En cuanto a los objetivos del hockey femenino de Gimnasia, Romiti destaca la importancia de consolidarse tras el ascenso. “Entendimos que primero teníamos que hacernos fuertes en la categoría y lo logramos. Formar un equipo con jugadoras del club y sumar experiencia es lo que nos permite seguir creciendo”, asegura.

Desde su rol de entrenador, remarca valores que van más allá del resultado. “Lo principal es que disfruten del deporte. El club es un espacio de formación, de amistad y de contención, y eso es fundamental en los tiempos en los que vivimos”, enfatiza.

Sobre el hockey del interior, reconoce las dificultades actuales, aunque resalta su importancia. “Quizás quedó un poco atrás en comparación con las grandes ciudades, pero sigue siendo un gran semillero y cada vez más observado por los seleccionados”, confiesa.
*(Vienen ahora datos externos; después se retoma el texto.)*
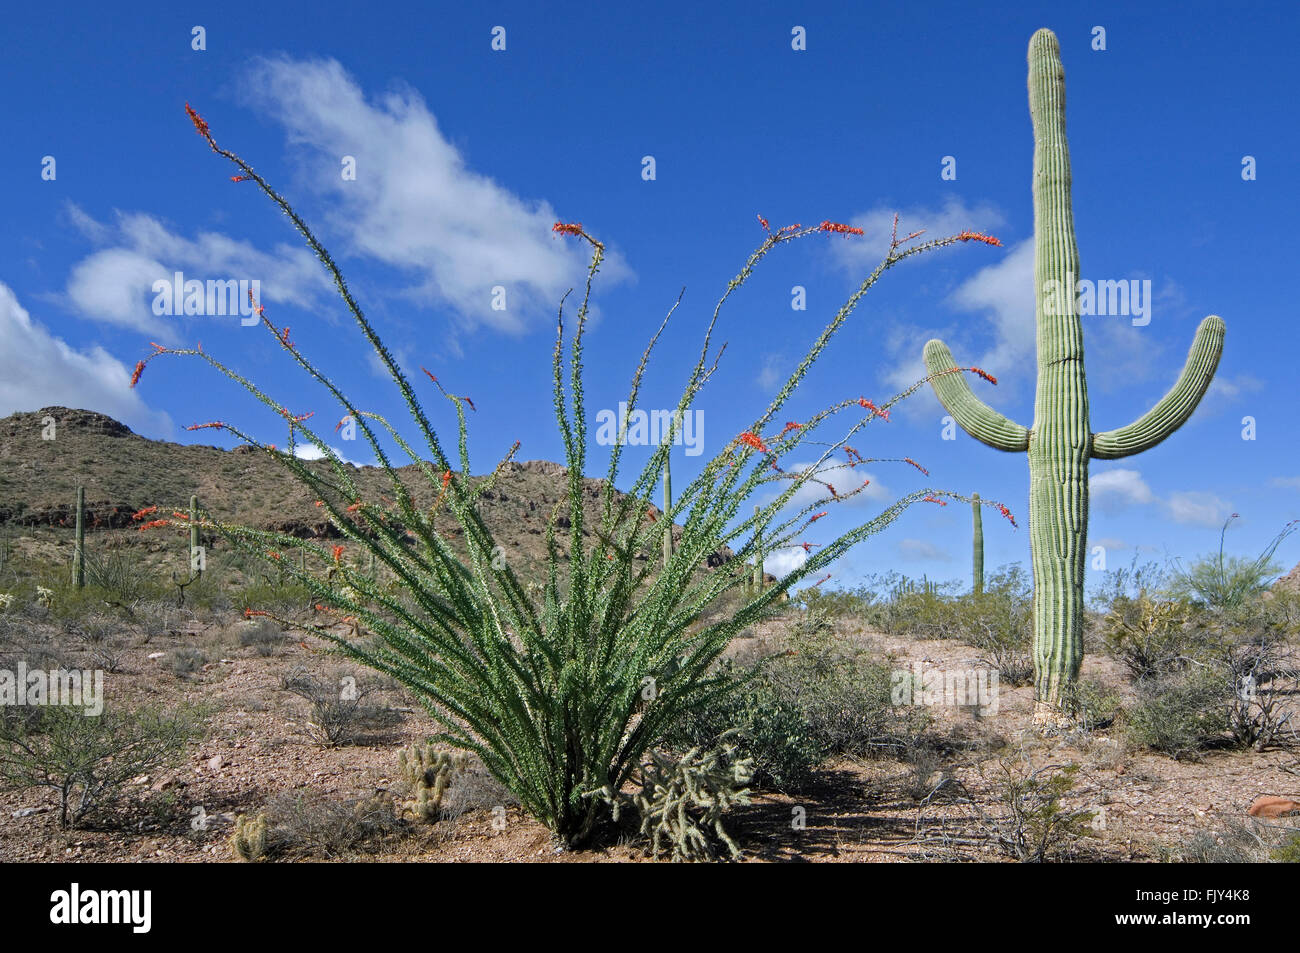 Ocotillo / coachwhip / candlewood (Fouquieria splendens / Fouquieria spinosa) in bloom and Saguaro cactus (Carnegiea gigantea) Stock Photo

A quienes recién comienzan, Romiti les deja un mensaje claro. “Les digo que busquen ser protagonistas, que pregunten, que trabajen mucho la cabeza. Hoy la mentalidad es clave si se quiere llegar a niveles altos”, aconseja.

De cara al futuro, sin embargo, elige vivir el presente. “Como jugador, disfruto el momento, y el día que me canse lo dejaré. Como entrenador, quiero seguir capacitándome, creciendo y sumando herramientas para que las jugadoras y el club puedan llegar a los grandes niveles del hockey nacional”, concluye.